Hate groups have been made and the LA times recently wrote an article of a group wanting to purify Korea by removing expats.

As with every nation there is a small group of nationalists, some more dominant than others. It is when the general public have reason to agree with their ideals, through curiosity or fear that problems begin to happen. The majority of expats come from a more richly diverse and cosmopolitan culture and now they are thrown into an ethnic minority.

Some Koreans are unaware of some ‘social bloopers’ which an expat would find offensive. Queuing in a western country, is seen as a way to promote organisation, order and a form of democracy. However you will find that some Koreans are not aware that people around them are waiting and eager to get what they want will immediately go to the front of the queue and order. Being the first to wait for the next bus does not automatically mean you will be the first in the queue, you have to fight for the right to get onto the bus and this means being competitive. Holding the door open for people with a smile brings very little acknowledgement and at times nothing more than a murmur. Being talked about in front of you and being stared at are also common occurrences for the expat.

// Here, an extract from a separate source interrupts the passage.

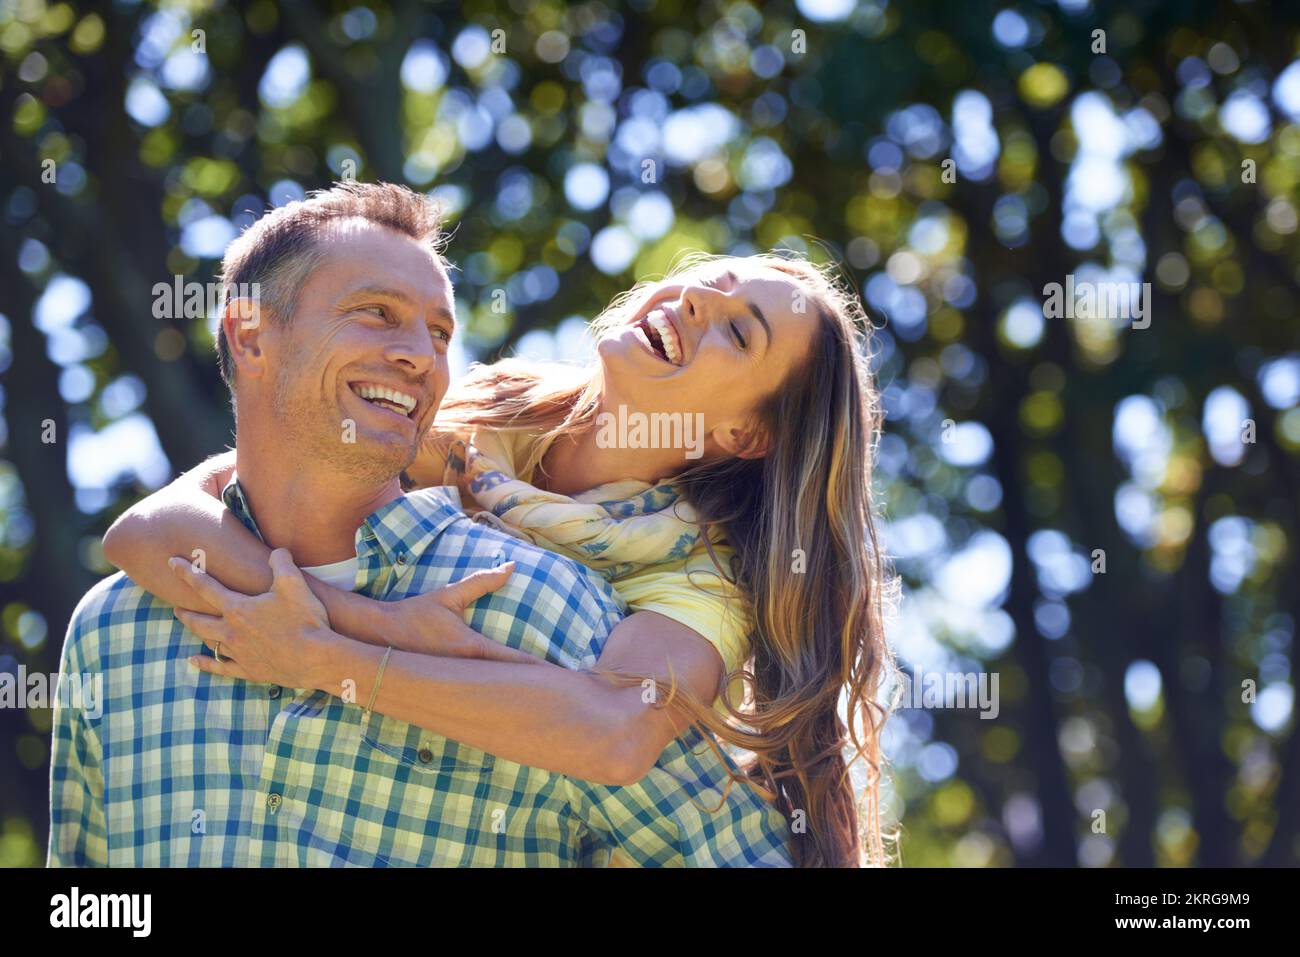 Ihre Liebe ist klar zu erkennen. Ein liebevolles Paar, das sich in der Sommersonne umarmt. Stockfoto

As the minority we are constantly under the microscope and will always be stereotyped. For some, living in Korea you have to be thick skinned to get through the day.

There is a change taking place though, with this generation of Koreans, native English speakers are educating them on both a conscious and sub-conscious level on the understanding of a western culture. While we are not talking about taking away Korea’s individuality as a nation, a greater understanding of life outside of it’s borders is needed.